The other thing I struggle with at the banquet is that there is no concept of courses. All the food keeps coming in the order its cprepared so that as the Lazy Susan rotates, the next dish in front of you can be hot or cold, sweet or spicy. I’ve noticed at the eat-as-much-as-you-like-BBQ, near where I live, that although you can refill your plate as often as you like, most Chinese will fill their table with an assortment of plates of meat, vegetables and sea food as well chocolate cakes, fruit and snacks. It could be that they are too lazy to keep getting up, or that they worry a dish might not be available later, but I think they just prefer to eat it all together.

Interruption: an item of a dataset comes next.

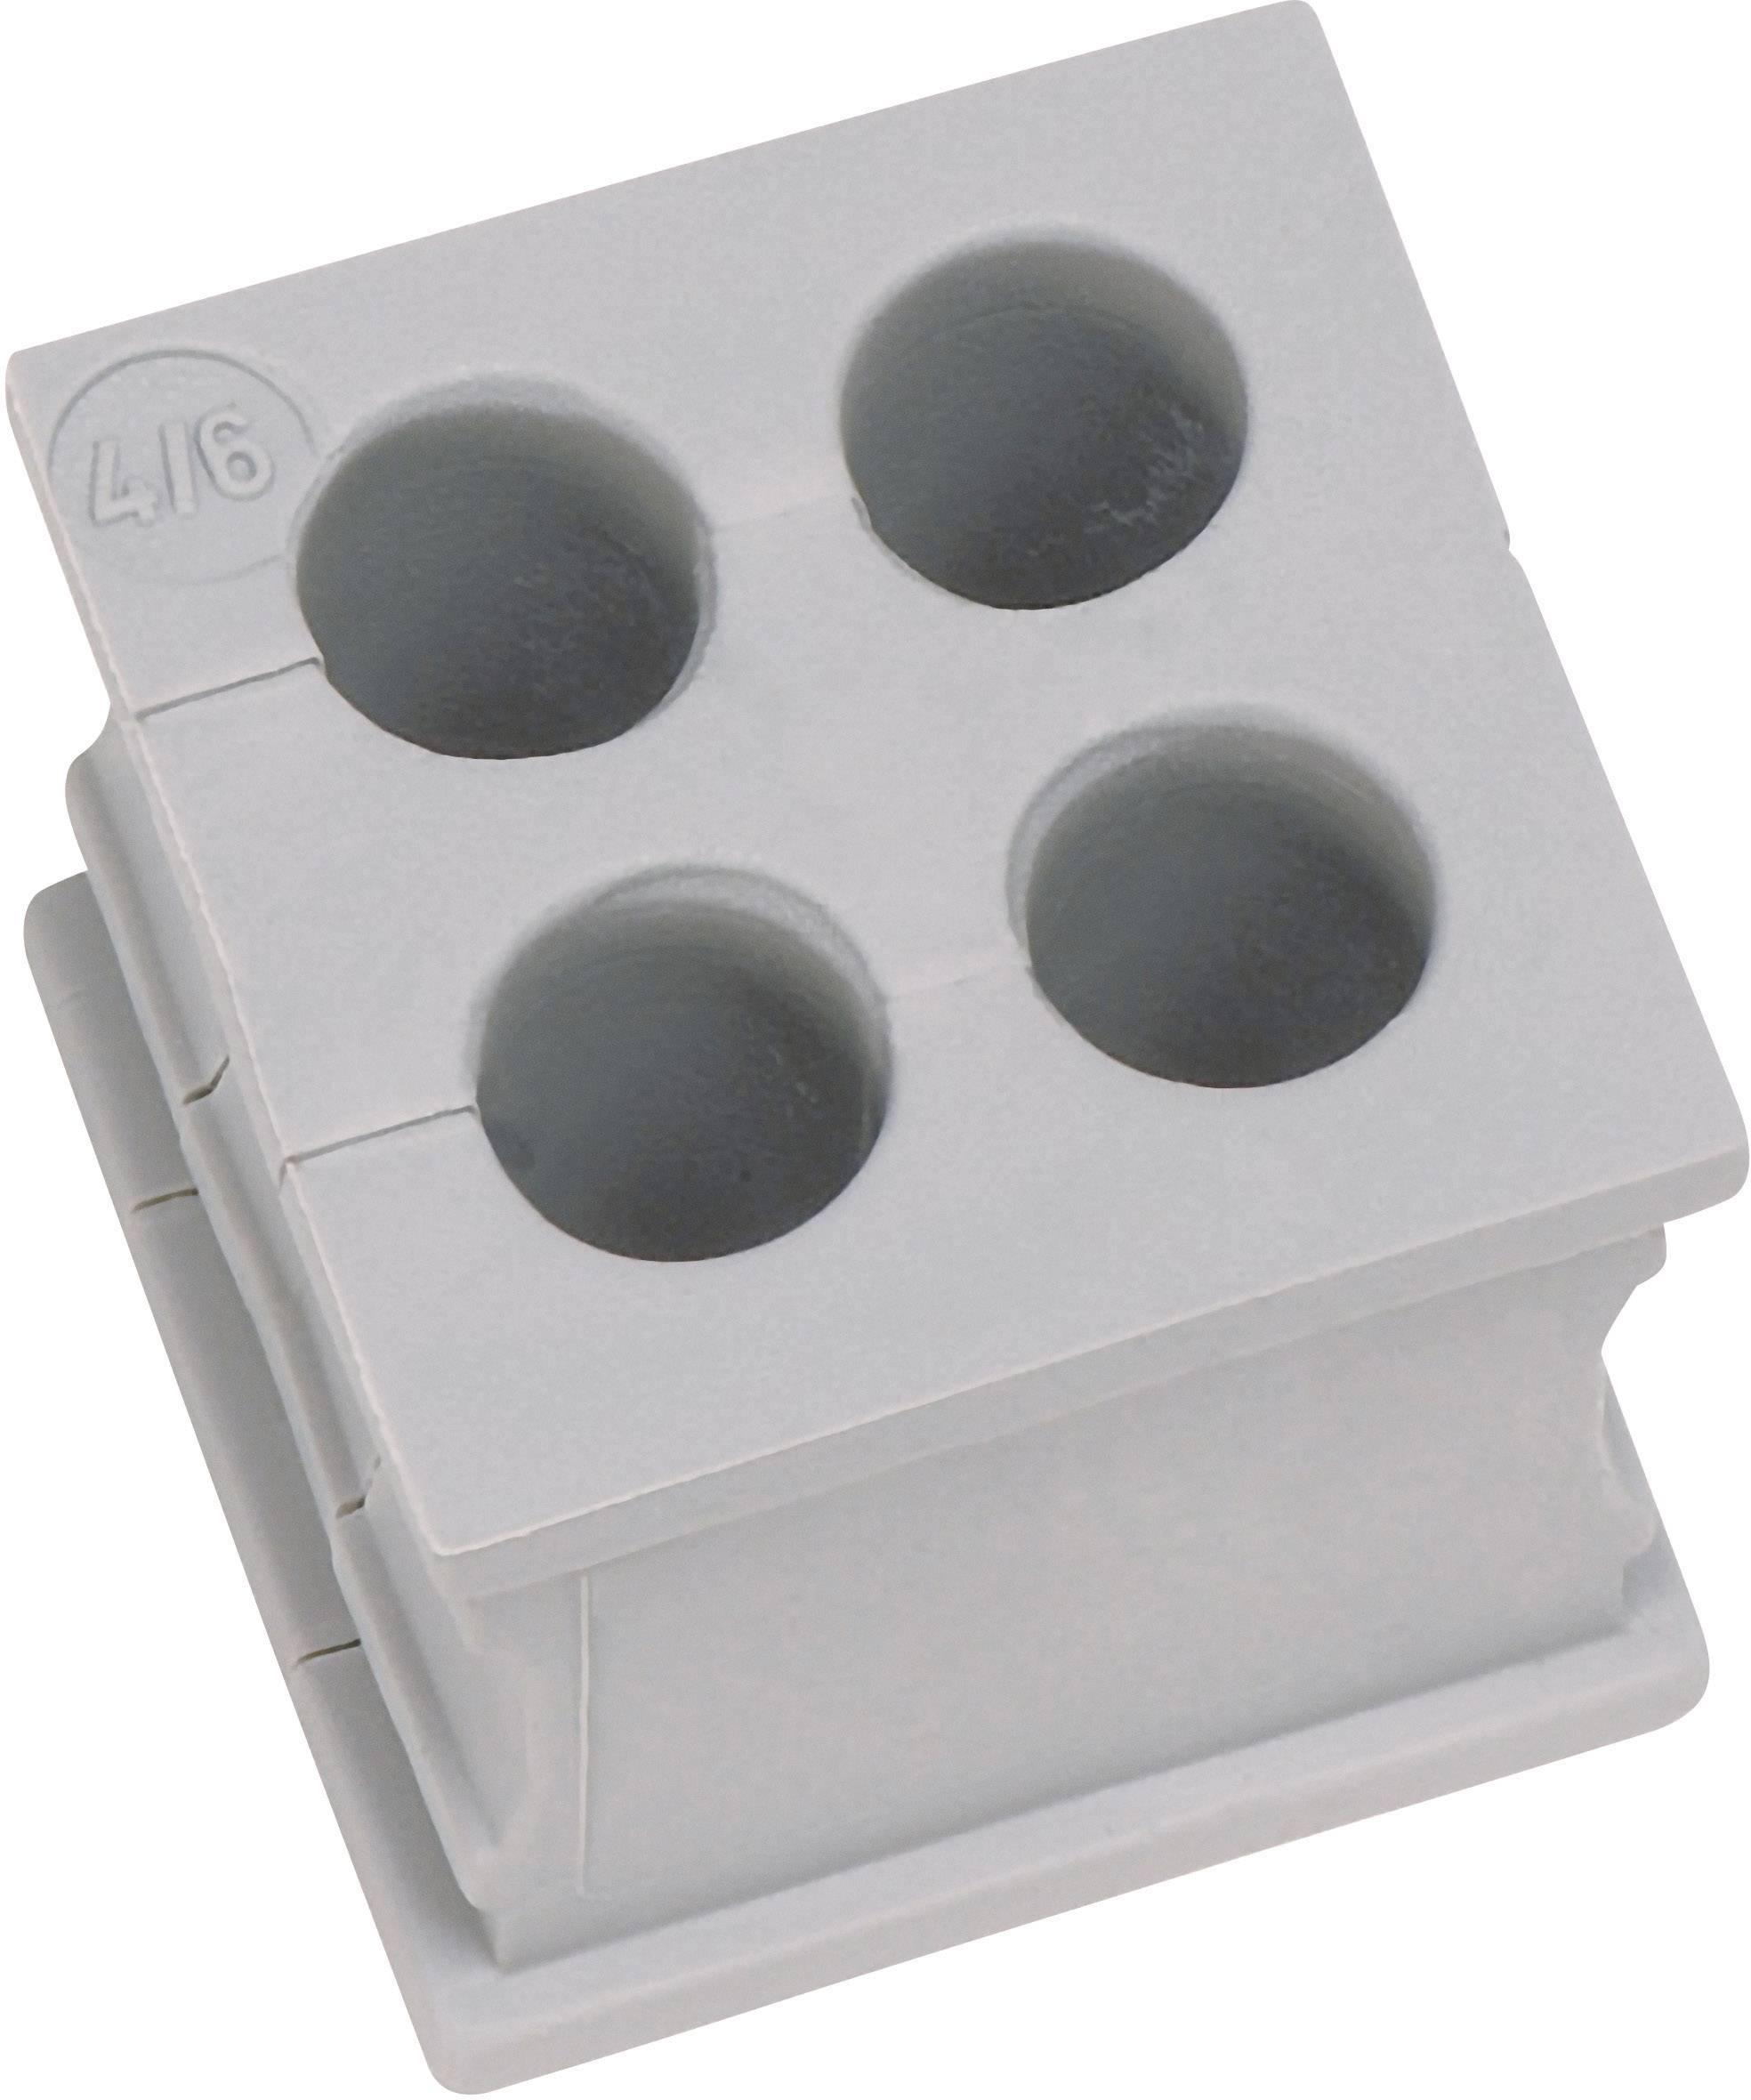 Icotek Kabelska kapa KT majhna, KT 4/3 za kabel- 4 x 3 mm, elastomer, siva

The final differences that needs to be endured, is that the bones, skin, shells and other inedible bits, once separated, are put or spat onto the table or floor where you sit, along with used tissues, empty bottles and crockery wrappings. Your plate and bowl are impractically small to use for anything but a brief pause to catch drips between the main dish and your mouth. Your glass too will be the size of a shot glass, excellent for endless toasts of traditional Baijou, but a full-time topping up job for other drinks. With all the dishes piled in the center there is often limited space where you’re sat. The detritus quickly piles up and by the end of the meal it looks like there’s been a food fight.

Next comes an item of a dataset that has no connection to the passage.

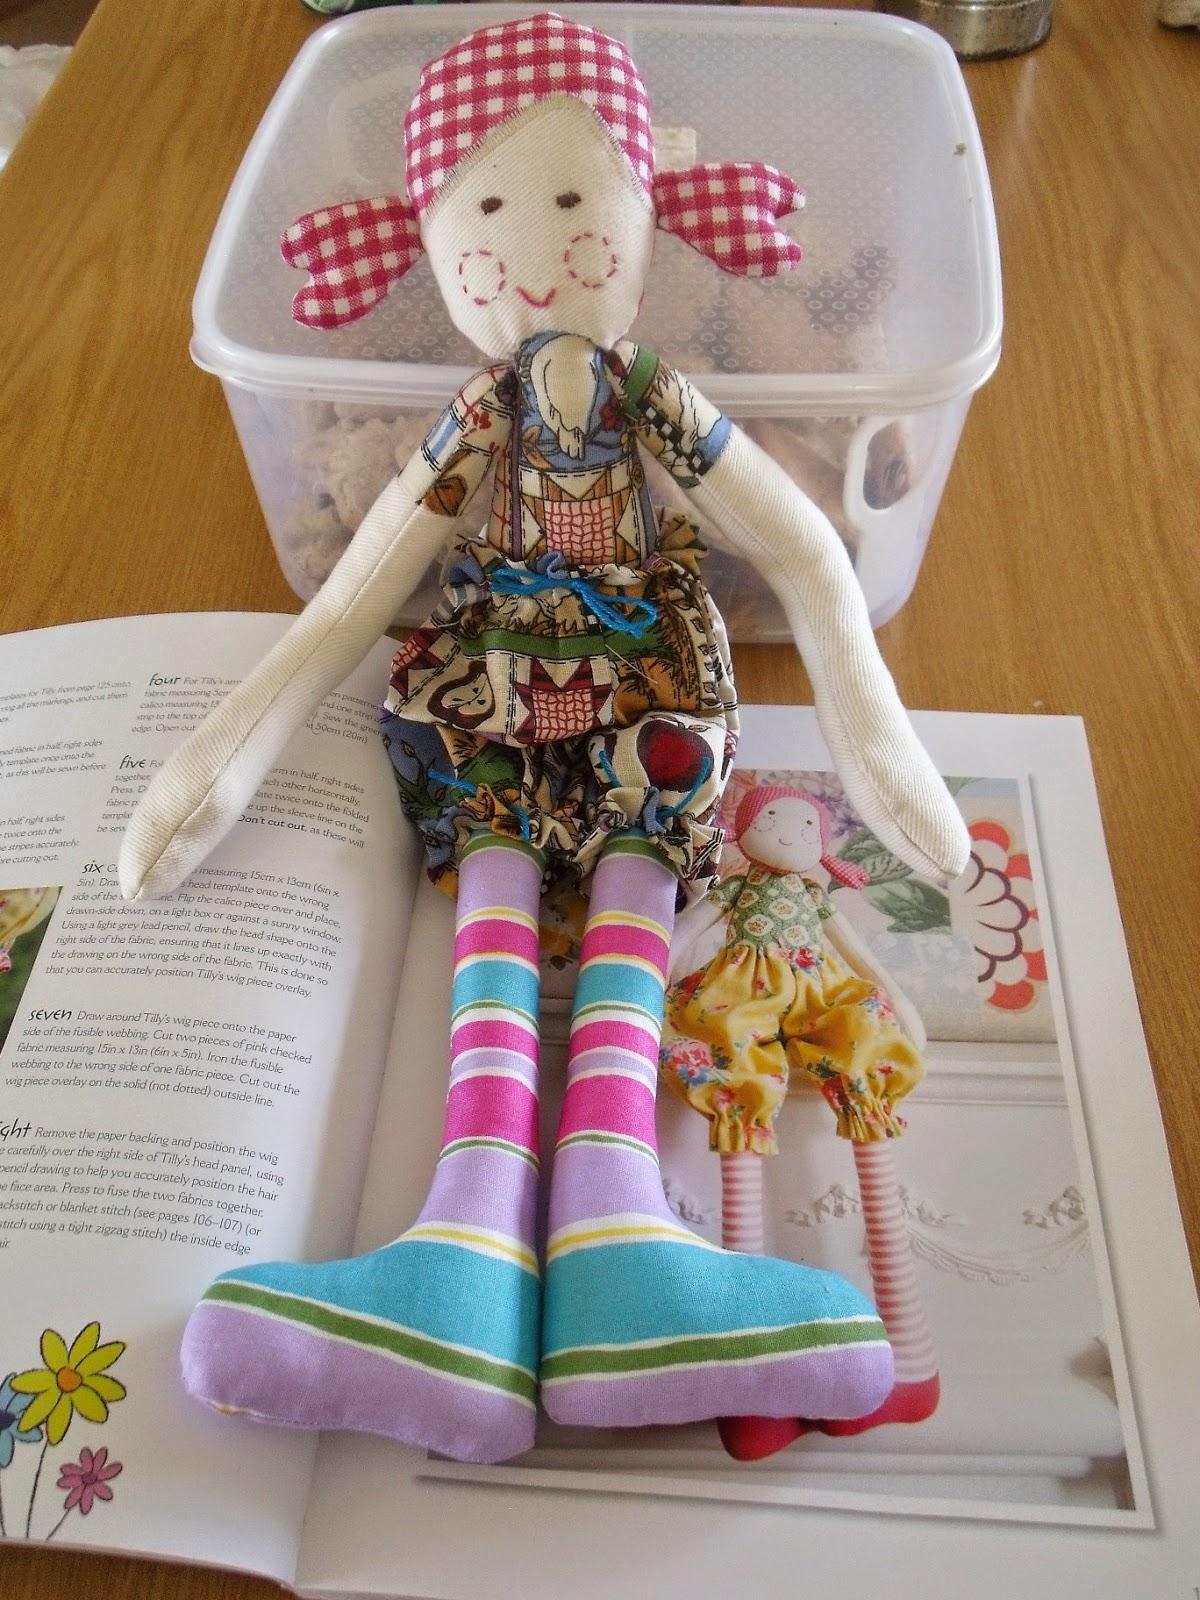 sewn toy tales melanie hurlston

Eating is definitely an experience, a highlight of visiting China and nothing like the takeaway restaurant back home. There are lots of foods that are going to make you wince, but much more that you will love; you have just got to discover them. You can’t tell by the menu descriptions (if they have in English) or even by the pictures what they might be. Sometimes, it’s not even clear if they are vegetable or meat. It is only by trial and error that you’ll find what you like. You must, like all adventures, submit to the experience and embrace the differences as just your home-grown habits. Some flavours take some getting used to; the vinegar is different, dishes are not as sweet as in the west, they can be unbelievably spicy, oily, salty or disappointingly bland and come in unappetizing colours and textures. But after some time, the taste buds adapt, you’ll find a restaurant that cooks to your taste and you will fall in love with the huge range of food available. It mustn’t be forgotten that China is a large as Europe and there is as much regional variety as there is between Scotland and Spain and as much variation in quality as there is between a Michelin starred restaurant and a burger van.

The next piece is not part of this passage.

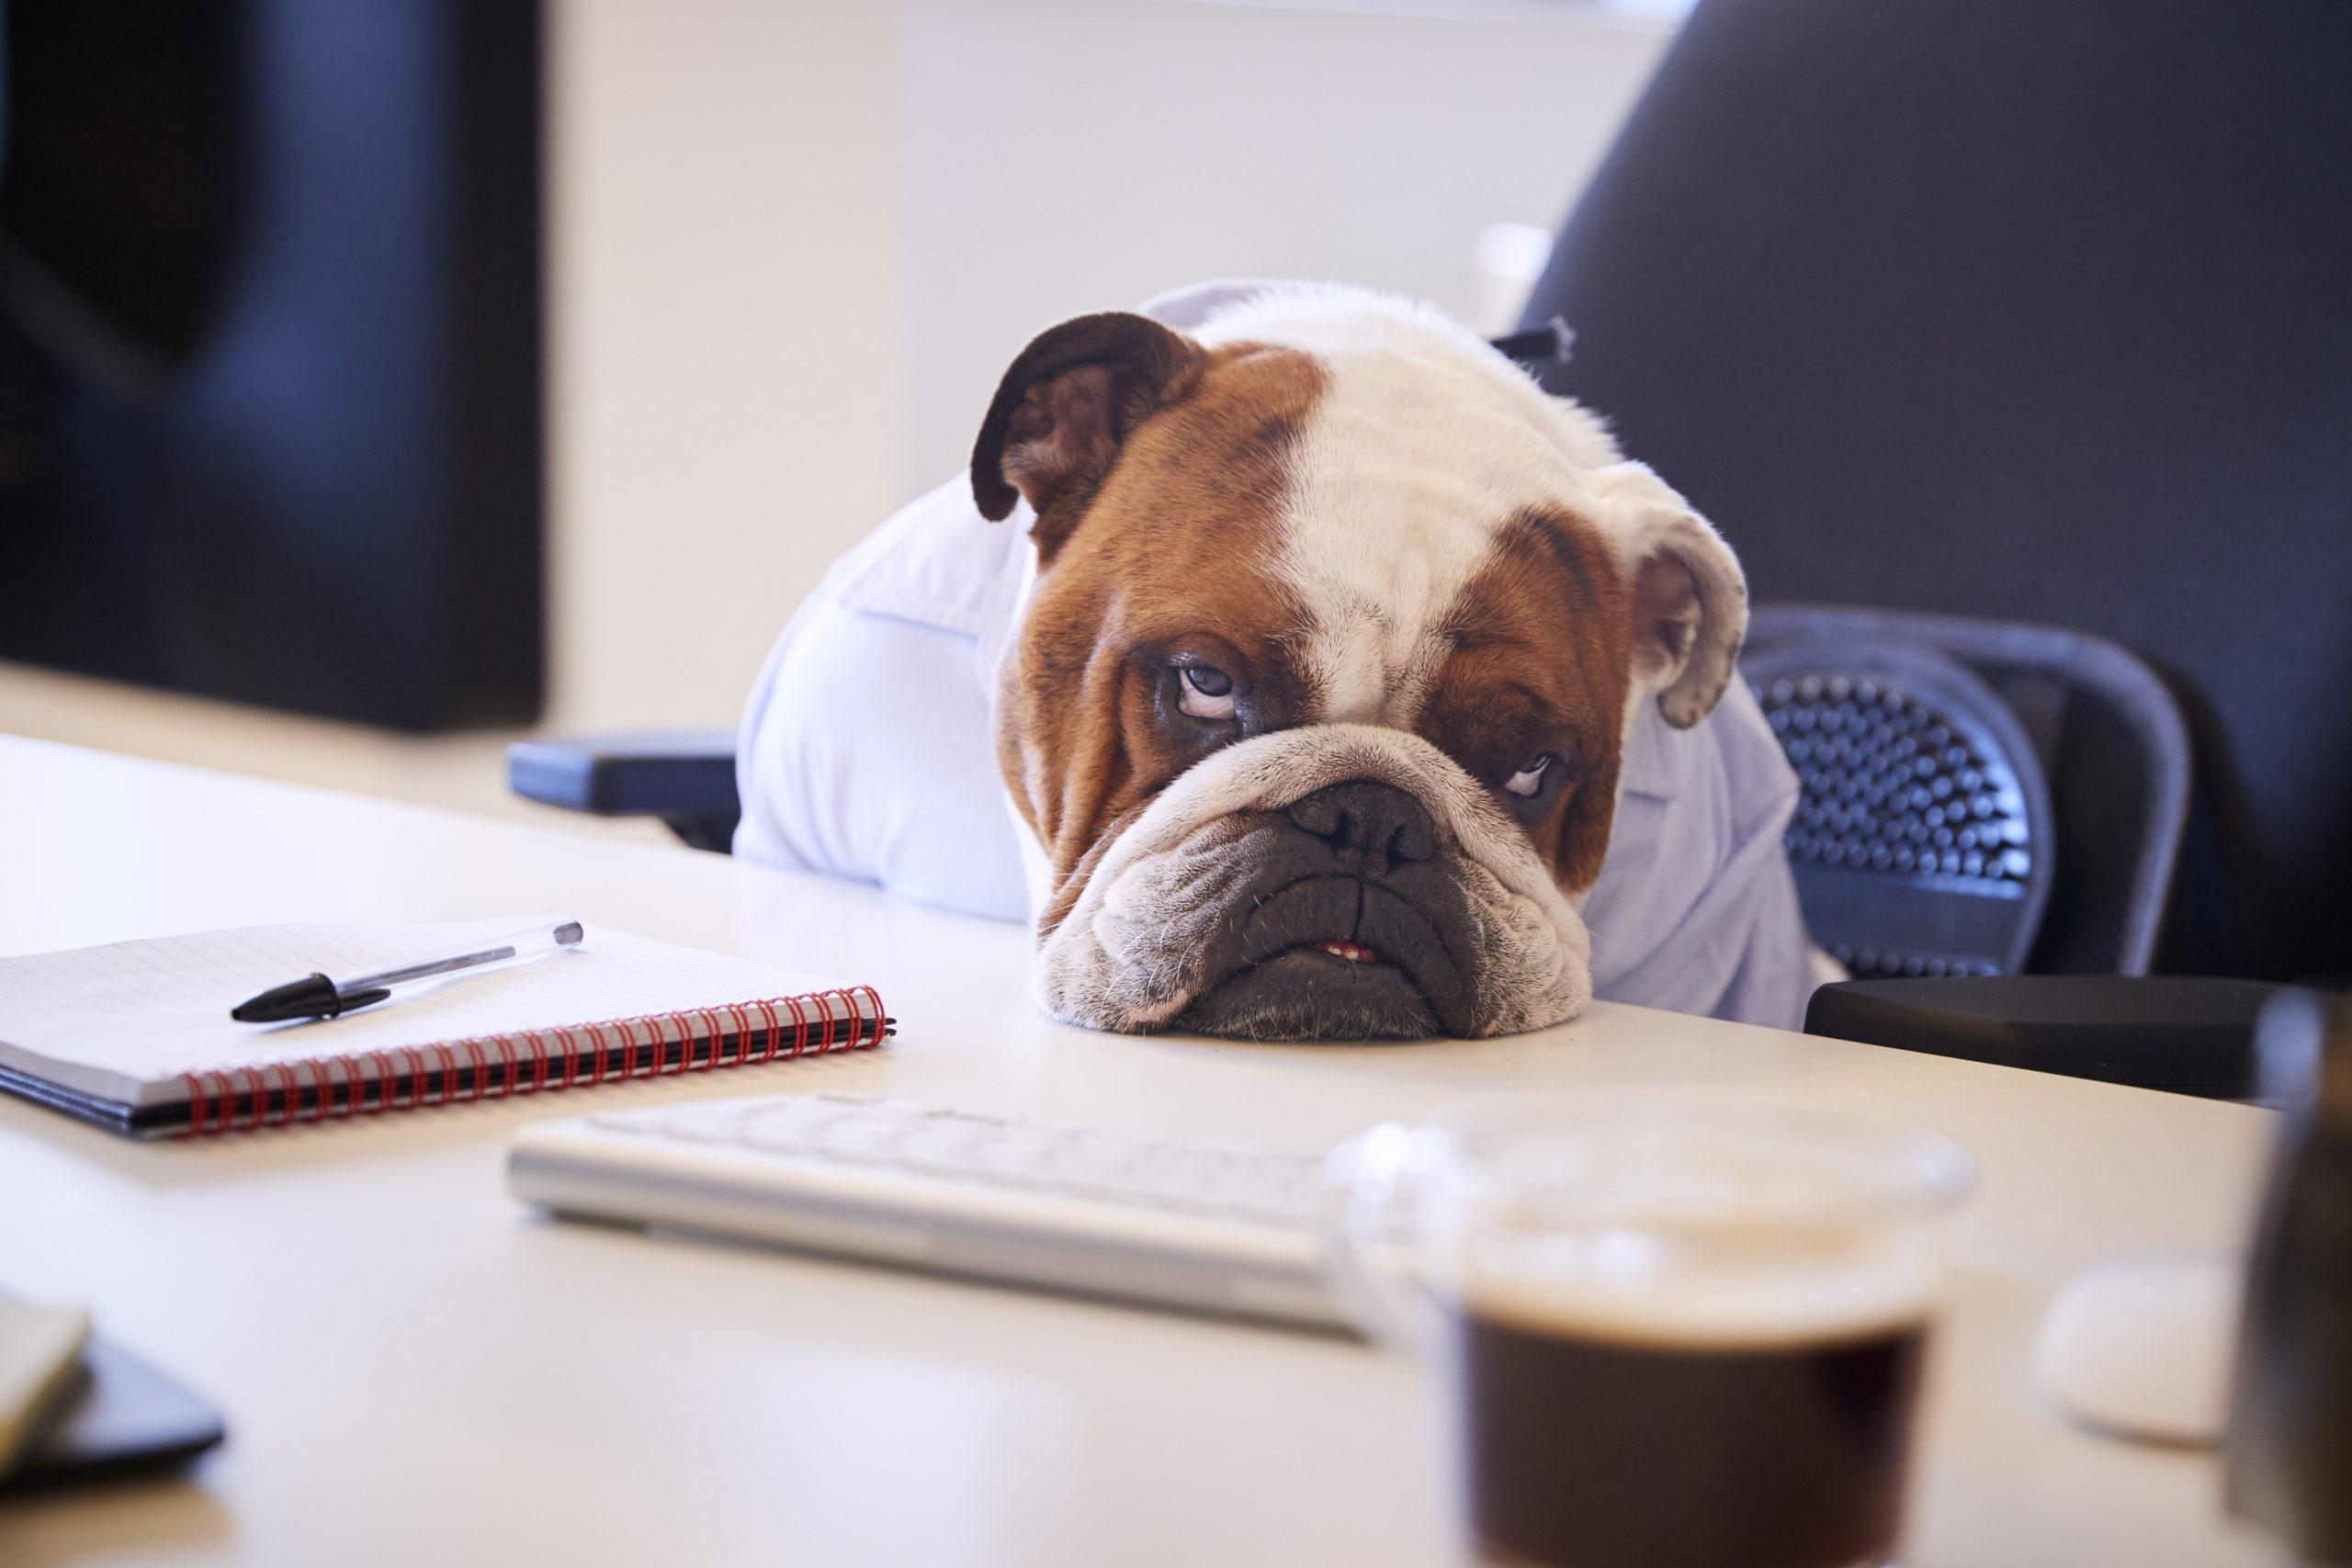 Le museau d'un chien bulldog british affalé tristement sur un bureau

Eating together is extremely important to Chinese. They are proud of their unique cuisine and are very serious about the quality of food. Eating and drinking together is still the most important social activity. If you travel here to work you will certainly be invited to eat. If you can attend a family dinner or a wedding, then you are really experiencing Chinese culture. You must at least frequent a local, busy restaurant and bravely order what you can. You might not like It, but it will be clean. In a decade of eating here, despite warnings about street food, I’ve never had a stomach problem. It will also be fresh, perhaps fished live from the tanks along the restaurant wall. On a good night it will also be noisy, chaotic and often a drunken affair. If you show some interest, you are likely to be invited to join in at least a round of toasts.